How have hedgies been trading Garmin Ltd. (NASDAQ:GRMN)?
Heading into the second quarter of 2020, a total of 27 of the hedge funds tracked by Insider Monkey held long positions in this stock, a change of 4% from the fourth quarter of 2019. Below, you can check out the change in hedge fund sentiment towards GRMN over the last 18 quarters. With the smart money’s sentiment swirling, there exists an “upper tier” of key hedge fund managers who were increasing their stakes significantly (or already accumulated large positions).
Among these funds, Select Equity Group held the most valuable stake in Garmin Ltd. (NASDAQ:GRMN), which was worth $150.1 million at the end of the third quarter. On the second spot was AQR Capital Management which amassed $72.2 million worth of shares. Renaissance Technologies, D E Shaw, and Hosking Partners were also very fond of the stock, becoming one of the largest hedge fund holders of the company. In terms of the portfolio weights assigned to each position Greenvale Capital allocated the biggest weight to Garmin Ltd. (NASDAQ:GRMN), around 3.94% of its 13F portfolio. Select Equity Group is also relatively very bullish on the stock, designating 1.04 percent of its 13F equity portfolio to GRMN.
Consequently, key money managers were leading the bulls’ herd. Greenvale Capital, managed by Bruce Emery, assembled the largest position in Garmin Ltd. (NASDAQ:GRMN). Greenvale Capital had $15 million invested in the company at the end of the quarter. Greg Eisner’s Engineers Gate Manager also made a $2.8 million investment in the stock during the quarter.

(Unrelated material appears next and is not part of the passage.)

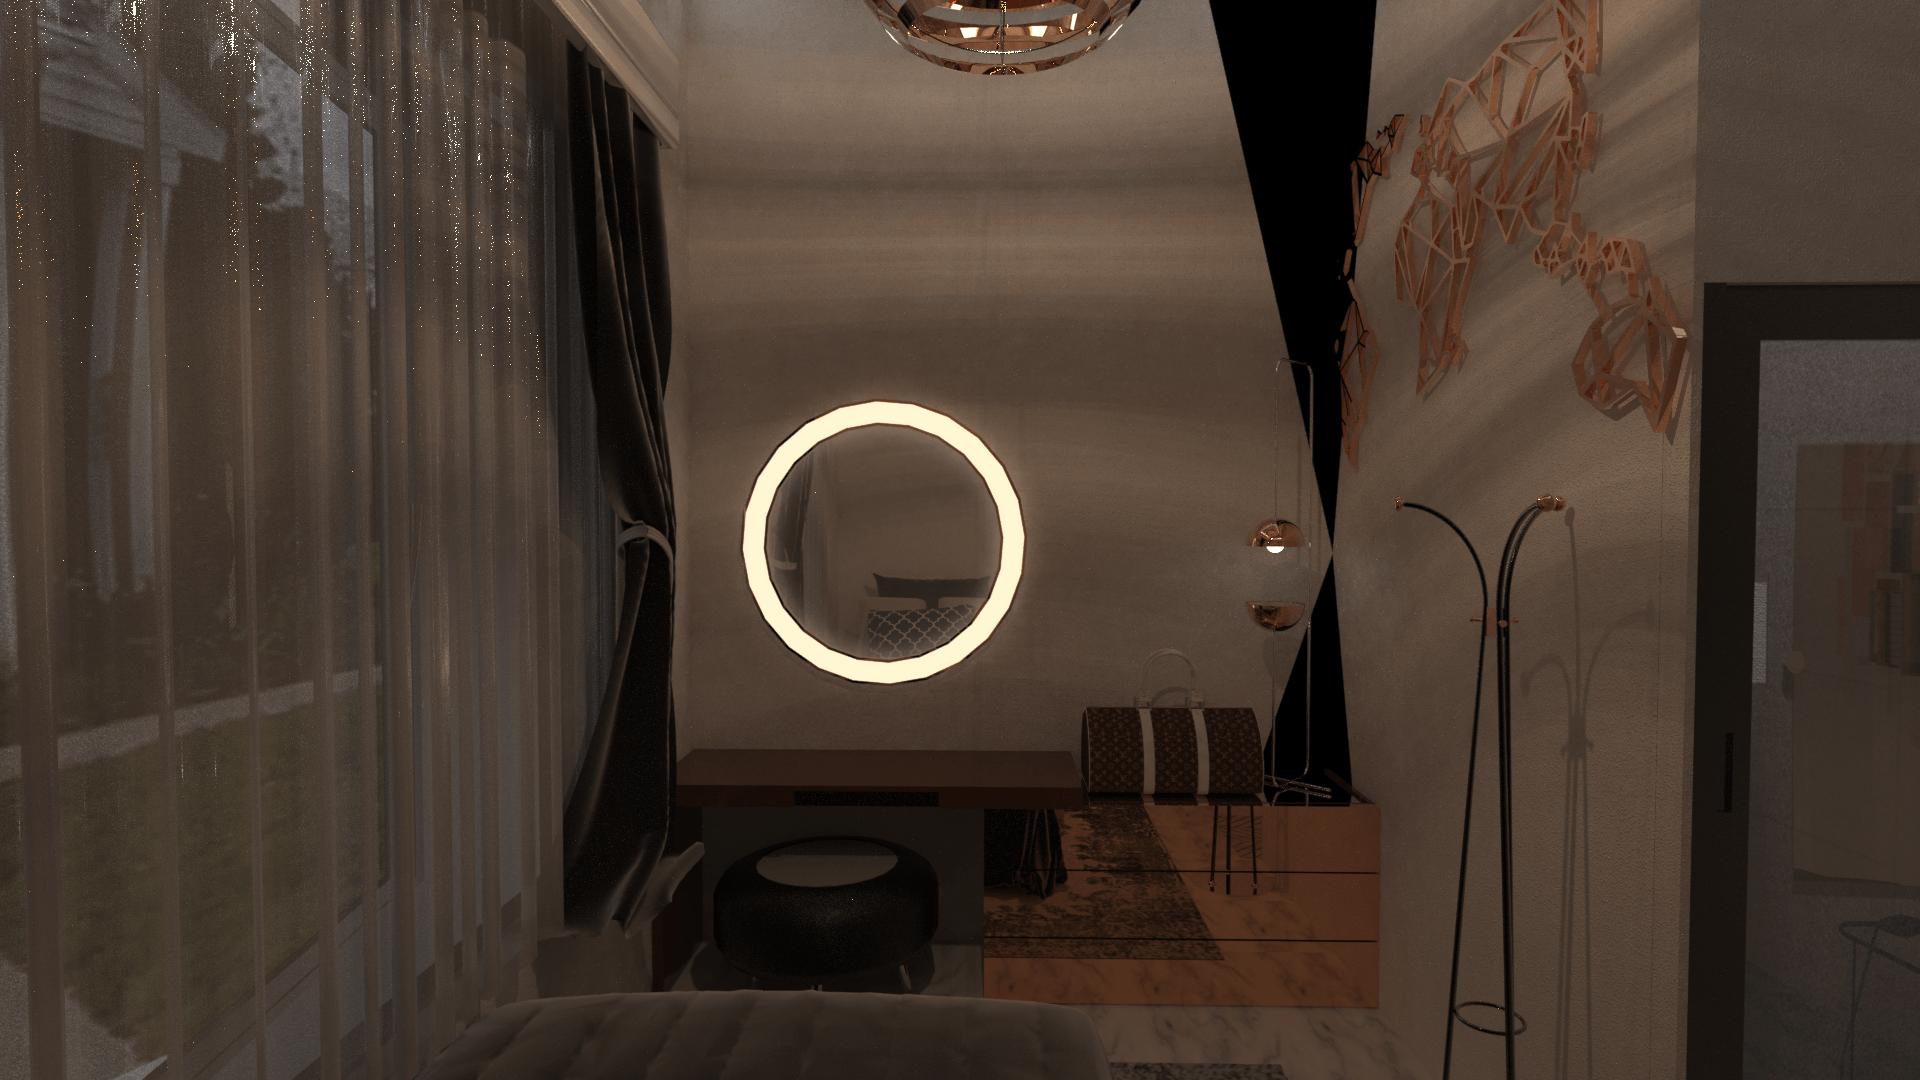 Jdcorp Redesign Living Room,kitchen, And Bedroom Mr.nasrial Bengkulu, Kota Bengkulu, Bengkulu, Indonesia Bengkulu, Kota Bengkulu, Bengkulu, Indonesia Jdcorp-Redesign-Living-Roomkitchen-And-Bedroom-Mrnasrial Modern  108500

The other funds with brand new GRMN positions are Peter Rathjens, Bruce Clarke and John Campbell’s Arrowstreet Capital, Mike Vranos’s Ellington, and Peter Algert and Kevin Coldiron’s Algert Coldiron Investors.
Let’s go over hedge fund activity in other stocks similar to Garmin Ltd. (NASDAQ:GRMN). We will take a look at Conagra Brands, Inc. (NYSE:CAG), First Republic Bank (NYSE:FRC), Altice USA, Inc. (NYSE:ATUS), and Cardinal Health, Inc. (NYSE:CAH). This group of stocks’ market valuations are similar to GRMN’s market valuation.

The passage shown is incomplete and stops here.